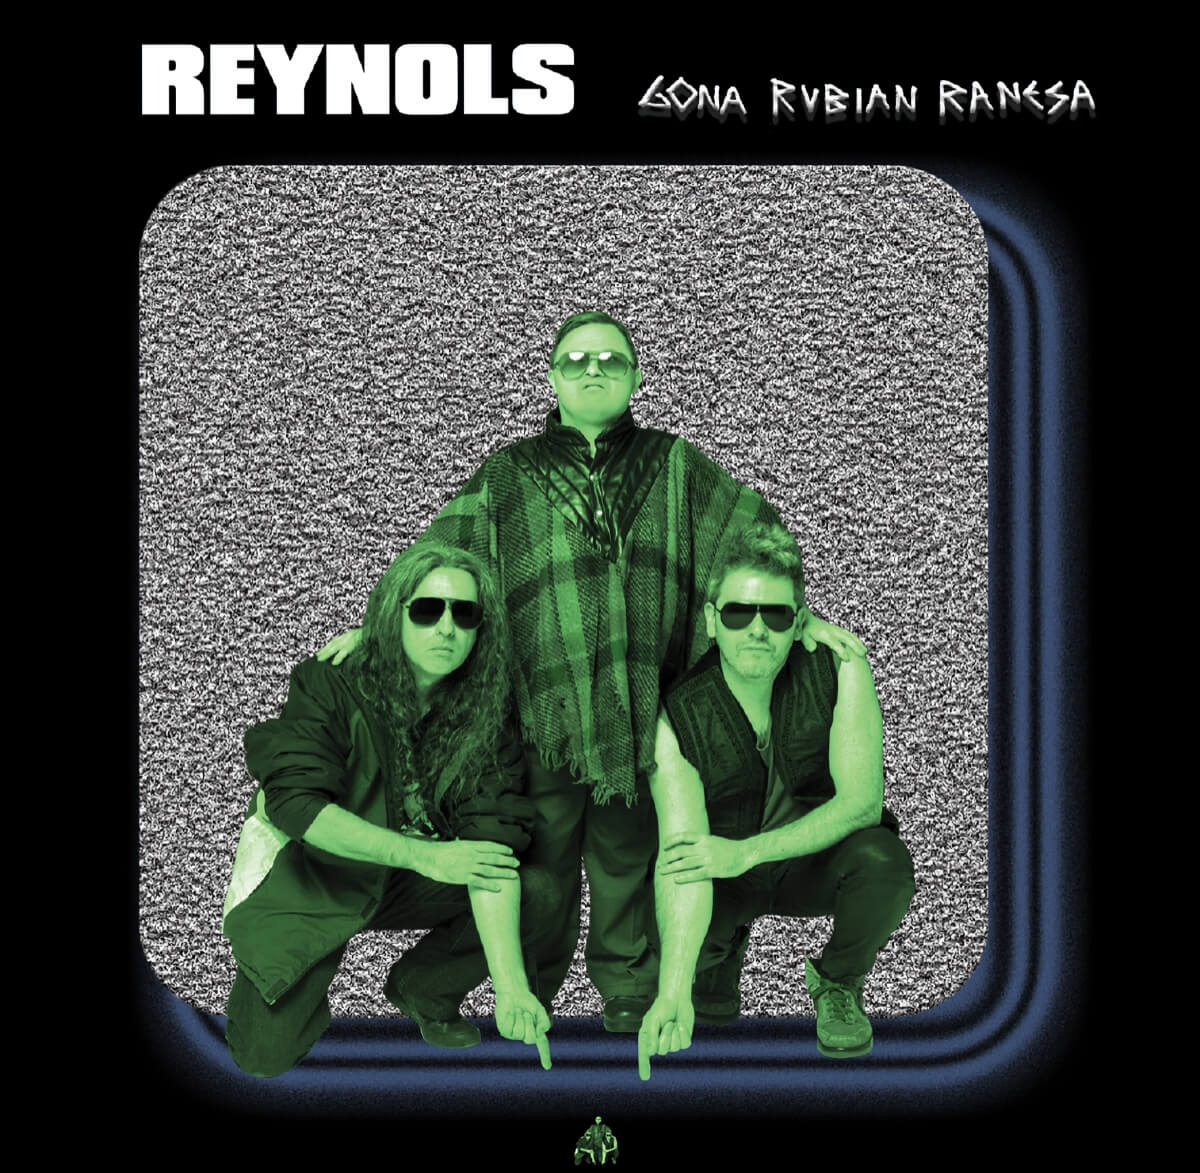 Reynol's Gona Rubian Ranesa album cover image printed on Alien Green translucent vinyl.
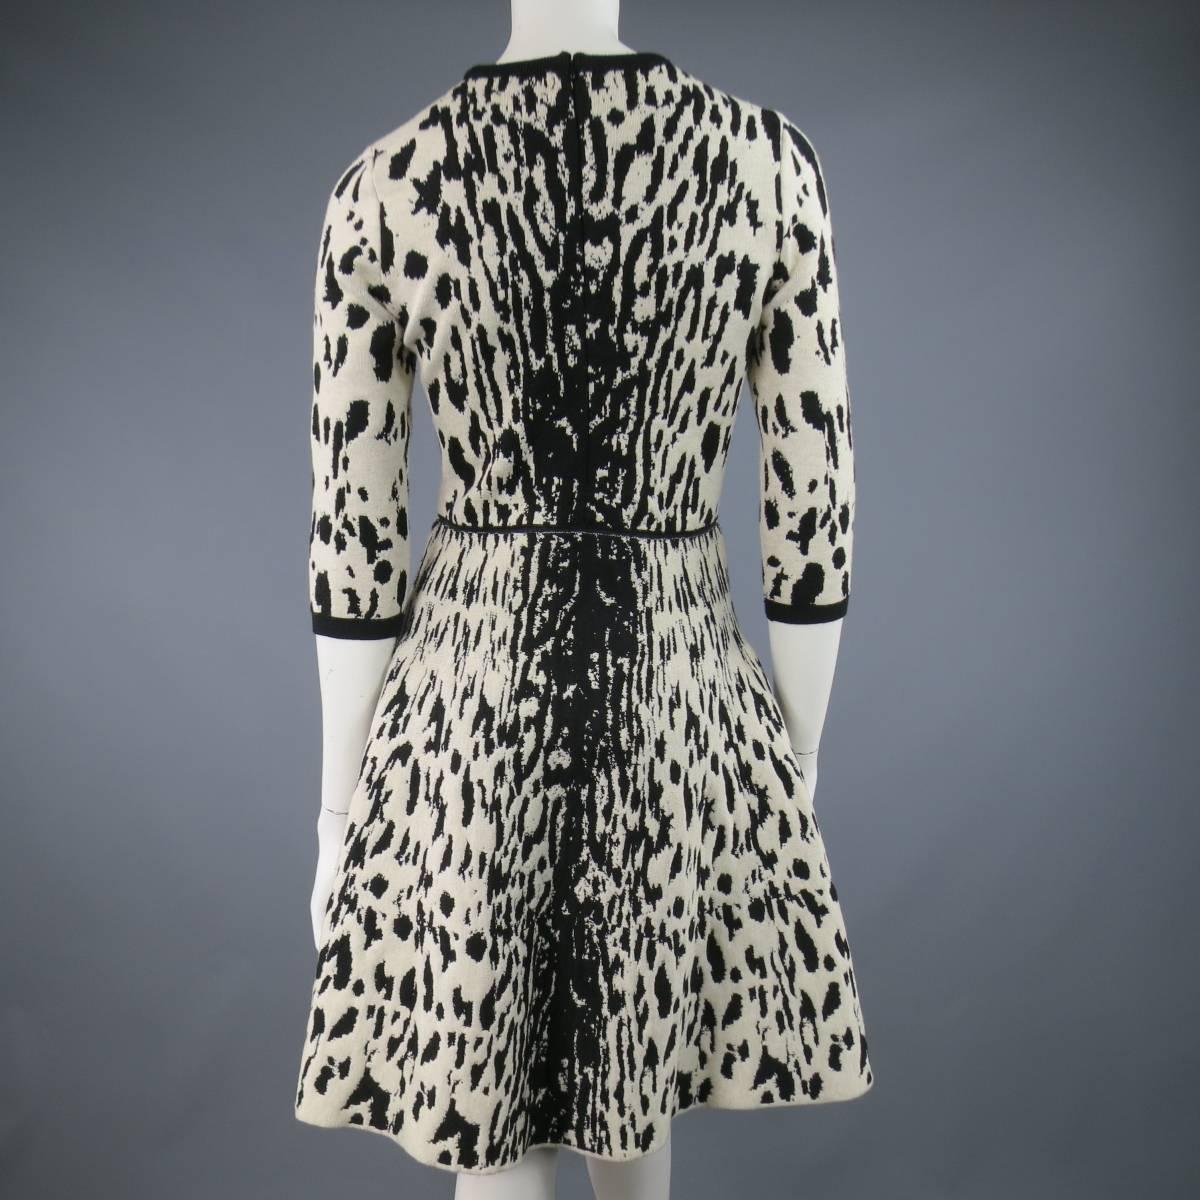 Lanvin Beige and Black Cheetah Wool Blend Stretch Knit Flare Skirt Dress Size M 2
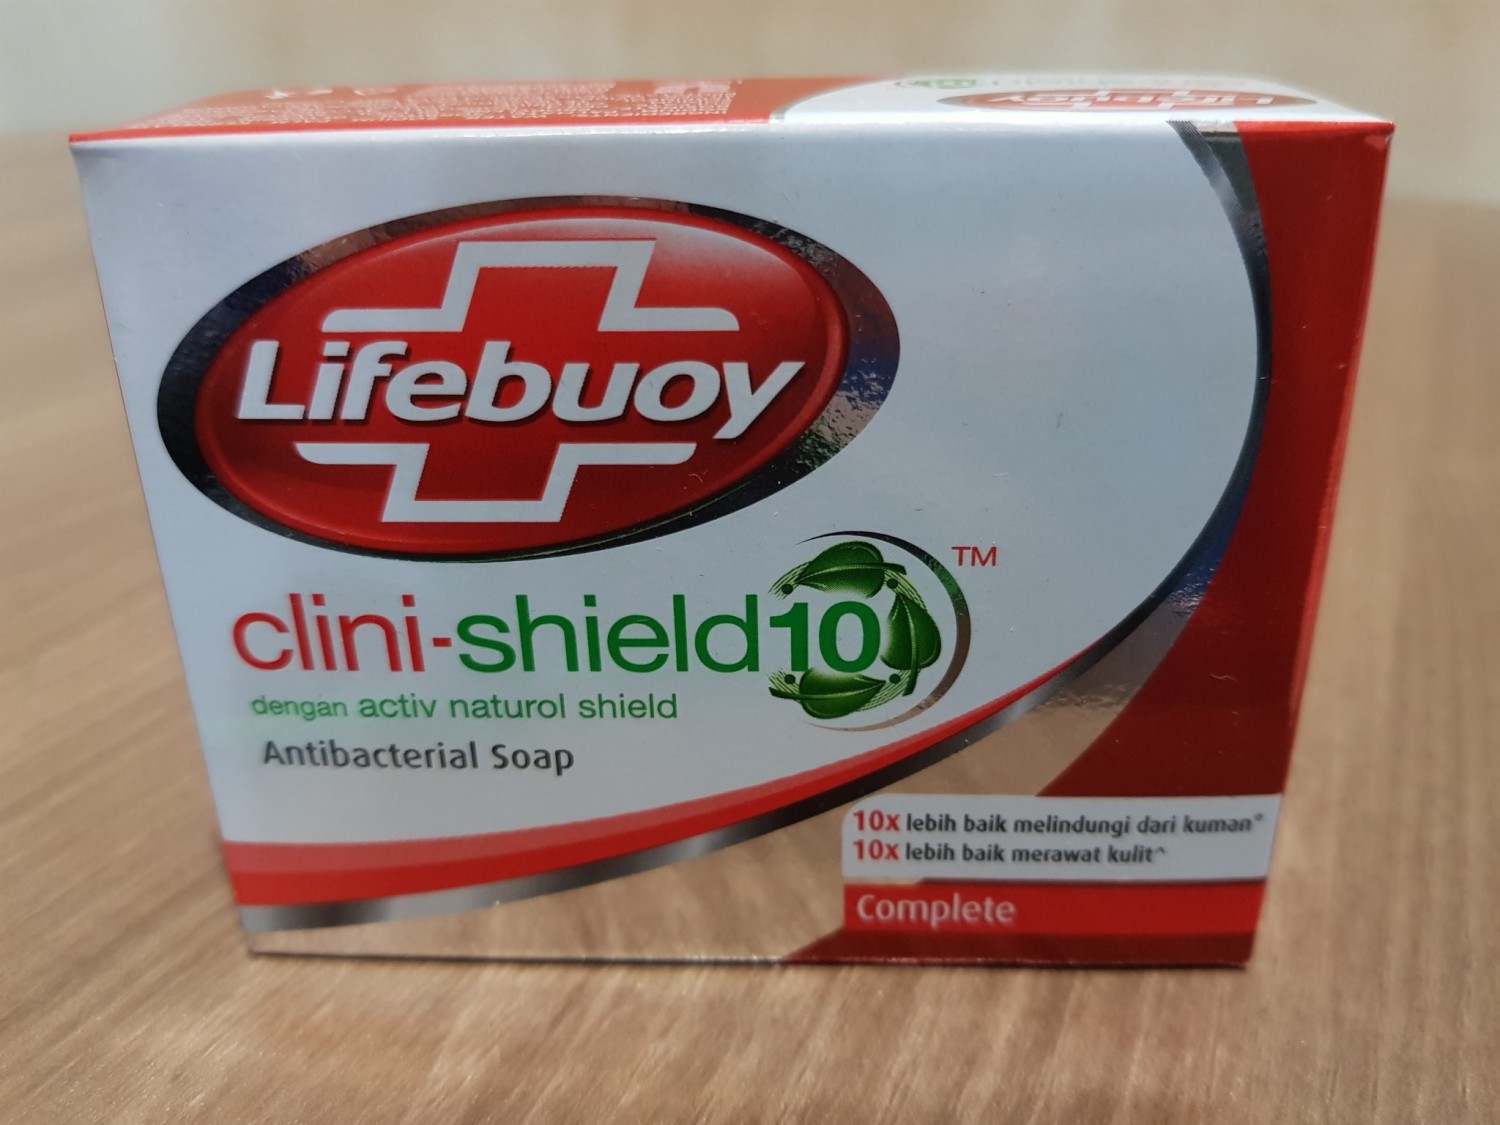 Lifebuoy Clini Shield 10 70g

^^^^^^^^

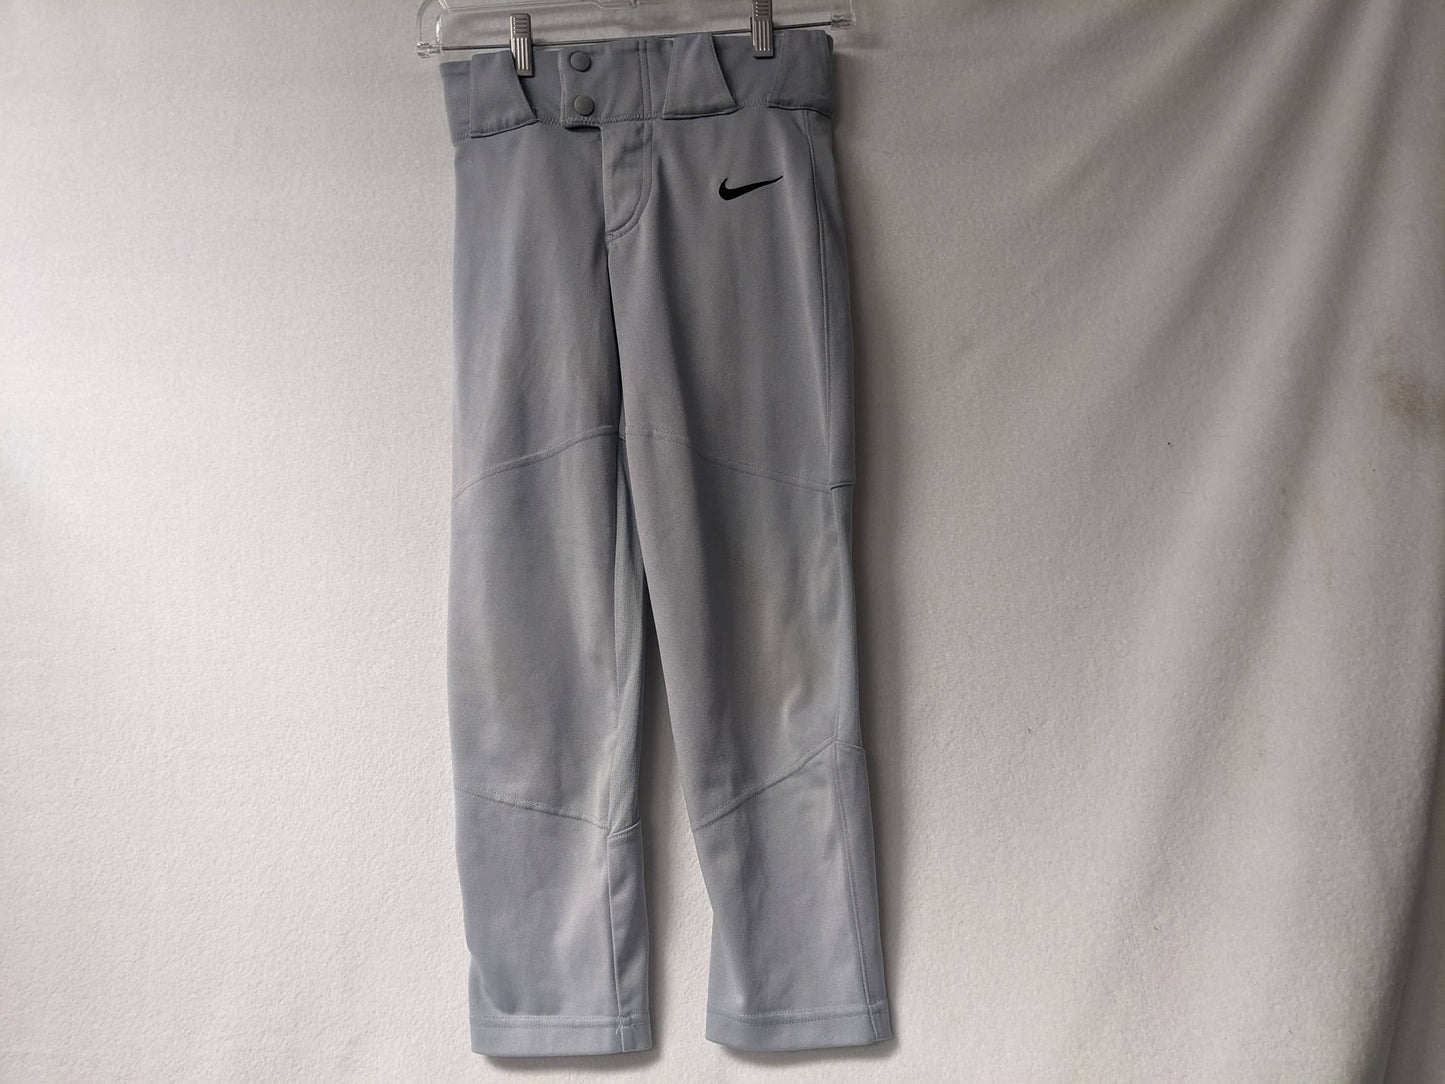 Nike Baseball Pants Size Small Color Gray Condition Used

^^^^^^^^

# WHAT YOU ARE ASKED TO DO:
Leave out the images and write out the lines above exactly, from the one with "Lanvin Beige and" up to and including the one with "Lifebuoy Clini Shield 10 70g".

# ANSWER TO THIS PROBLEM:
 Lanvin Beige and Black Cheetah Wool Blend Stretch Knit Flare Skirt Dress Size M 2
 Lifebuoy Clini Shield 10 70g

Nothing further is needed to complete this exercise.